Artificial Digital Aesthetics (ADA)
Brains on Art collective
AI application and interactive artwork
ADA is an AI application and an artwork that uses machine learning techniques to produce aesthetic evaluations of pictures taken by its users. The users in turn are prompted to evaluate ADAs claims and preferences, thereby enabling the AI to develop new aesthetic preferences and an understanding of new aesthetic categories. The application follows a client-server model with an Android app based user interface and a separate server backend running the AI itself.

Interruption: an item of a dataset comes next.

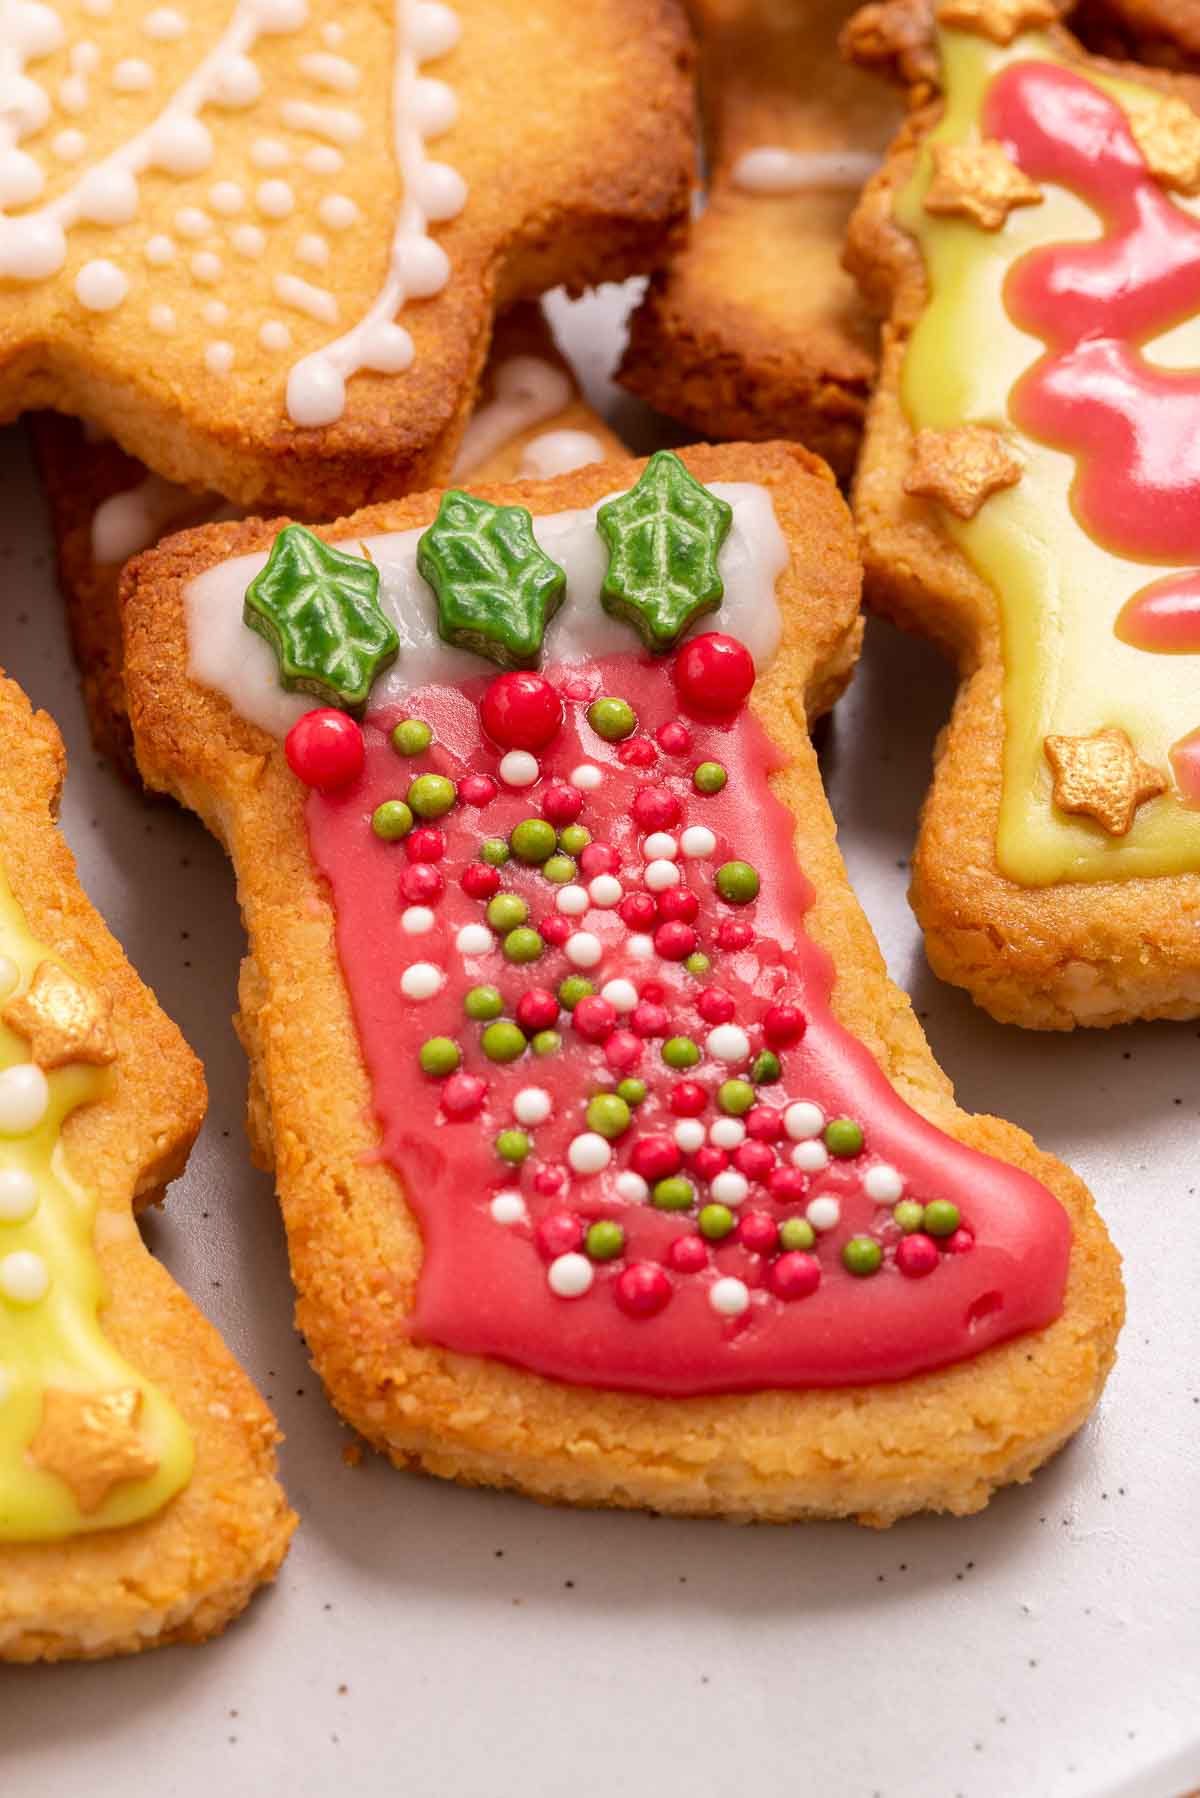 A plate of iced and decorated Christmas cookies.

The ADA Android app enables its user to take pictures for ADA to process and allows the user in turn to respond to ADAs evaluations. The user can install the app on their own device. User interaction with the ADA app consists of three main stages: 1) the user takes a picture, 2) ADA responds to the picture by giving a textual aesthetic critique, which contains keywords the user can interact with, 3) by selecting one of the keywords, the user is able to tell ADA whether they agree with it, suggest new qualities and indicate which parts of the picture support these new evaluations, and give their own aesthetic judgements of the picture. In addition to the textual responses, ADA can also optionally express its views orally by leveraging the device’s text-to-speech capabilities.

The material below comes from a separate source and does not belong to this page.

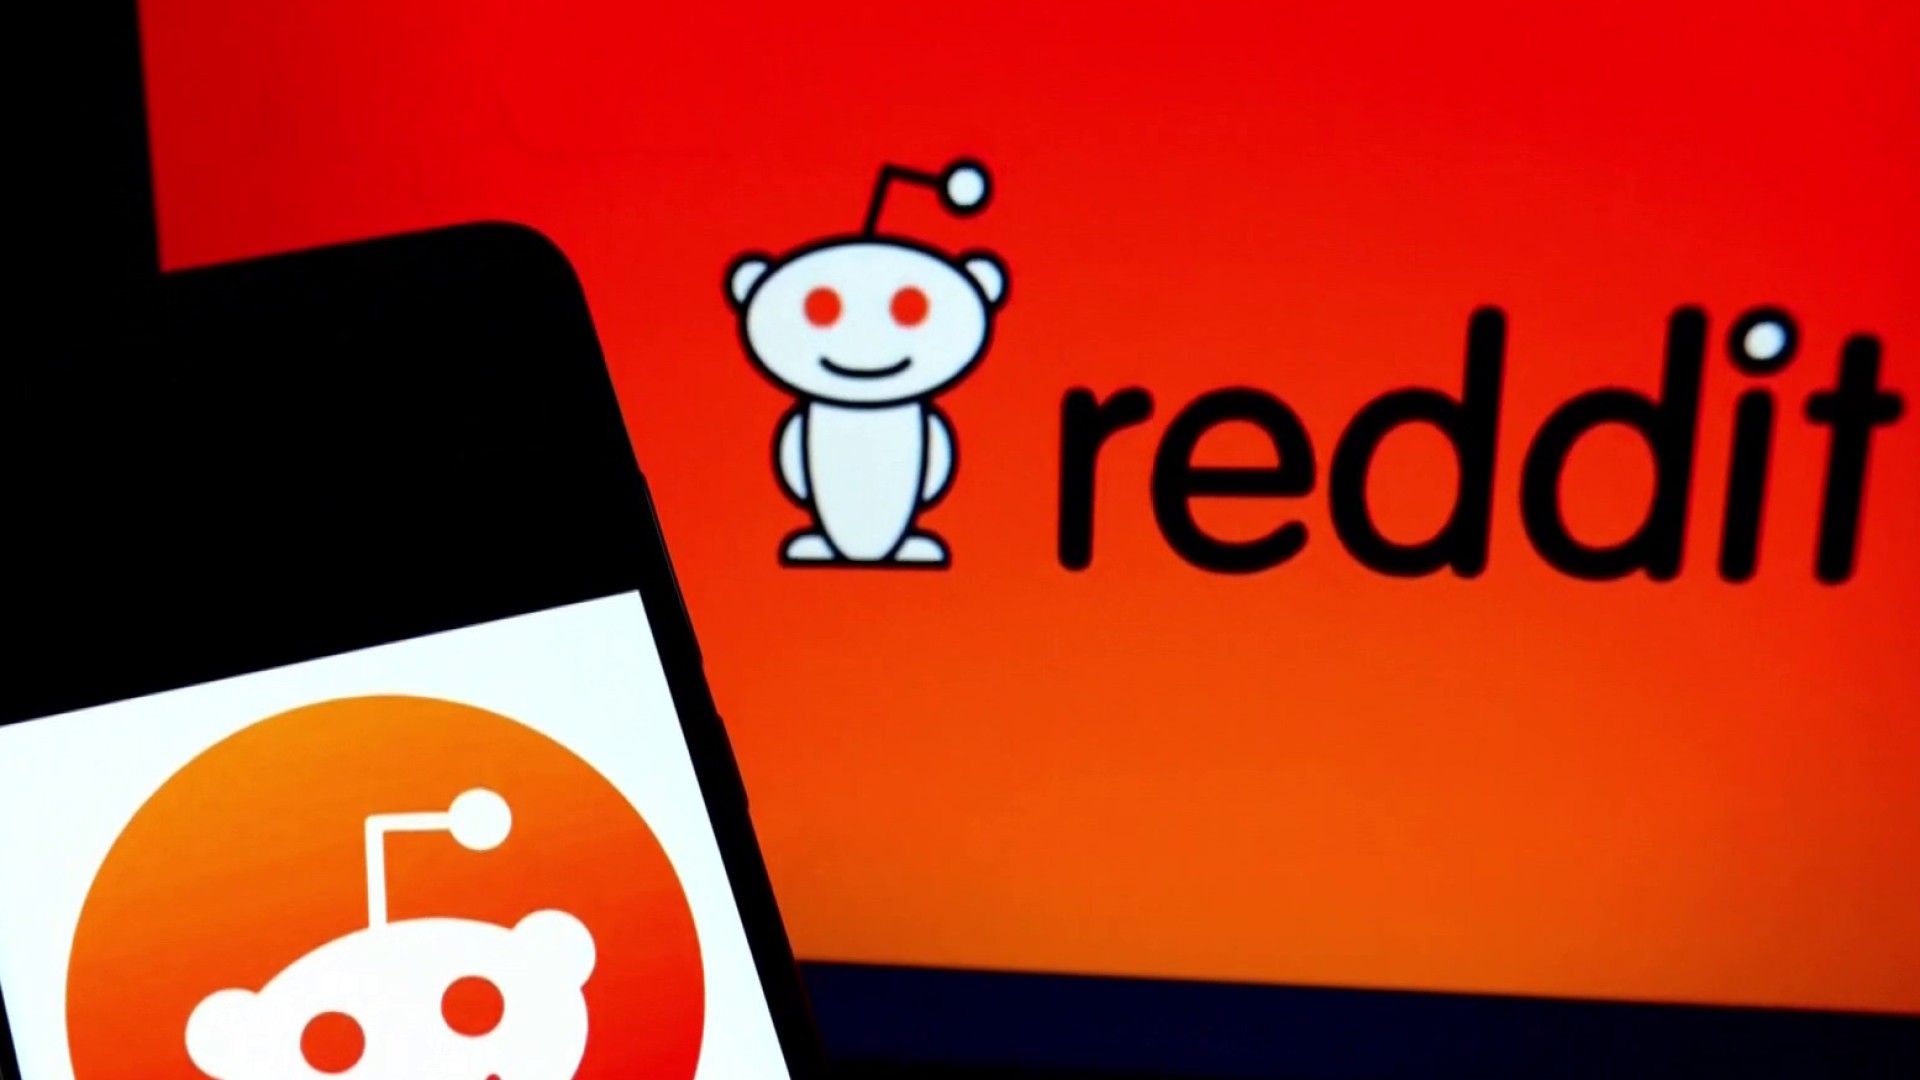 Reddit CEO slams protesters, says hell change moderator rules

The ADA backend running on a remote server receives the images sent by the client apps, processes the images to produce aesthetic evaluations, and keeps track of the user interaction on a client by client basis. The image processing is based on a variety of machine vision and machine learning techniques that aim to extract image descriptors, that are then ascribed aesthetic value by ADA. The descriptor extraction mechanisms are shared across the clients and updated offline once enough training data is collected. The aesthetic valuations in contrast are maintained on a client by client basis and evolve online as the user interacts with and slowly personalizes their own ADA.
Category classification is attempted with a neural network adapted from a Kaggle project  and trained on a dataset of approximately 32k artworks provided by the Finnish National Gallery . The artworks in the training dataset were annotated with the category among other pieces of metadata. Given an image, the network outputs a prediction for each category. The category with the highest value is taken to be ADA’s notion and returned to the client, but the highest five categories are stored in the metadata database to be shown as alternatives in case the user disagrees with ADA’s evaluation.
Adjective / dominant color extraction
The dominant colors of the image are extracted by quantizing the colors of the pixels to a small number of colors using an adaptive palette and mapping the resulting hue values (in HSV) to color names.
Initially adjectives (non color words) for the images were selected randomly with the reasoning that users would be prone to correct ‘nonsensical’ adjectives, thus providing ADA with valuable data to learn from. In the second stage we finetuned a pretrained deep neural network (Inception-ResNet-v2 ) to recognize features related to these adjectives, by using user tagged openly licensed images from online image hosting services. The last phase was to use the images provided by the users and their associated adjective corrections to train a network to provide the final adjective classification.
The valence or preference for an image sent to ADA is computed based on the results of the previously described analyses. On a high level the idea is that whereas the analysis of the images’ contents is done independently of the user providing the image, each user (or more specifically each client device) has its own preferences or “taste”. The preferences of an “individual ADA” (client device) are implemented as each category and adjective having a value with range [-1,1]. The total valence of an image is computed by taking the valences of the top adjectives and category of the image and returning the mean of those values. In other words an individual ADA could have a high preference e.g. for the “pink” adjective and “photography” category, and a low preference for “yellow” and “painting” category. Thus an image that’s deemed to be a yellow painting would be appalling to ADA, and a pink photograph would be highly preferable.
 Szegedy, Christian, et al. “Inception-v4, inception-resnet and the impact of residual connections on learning.” Thirty-First AAAI Conference on Artificial Intelligence. 2017.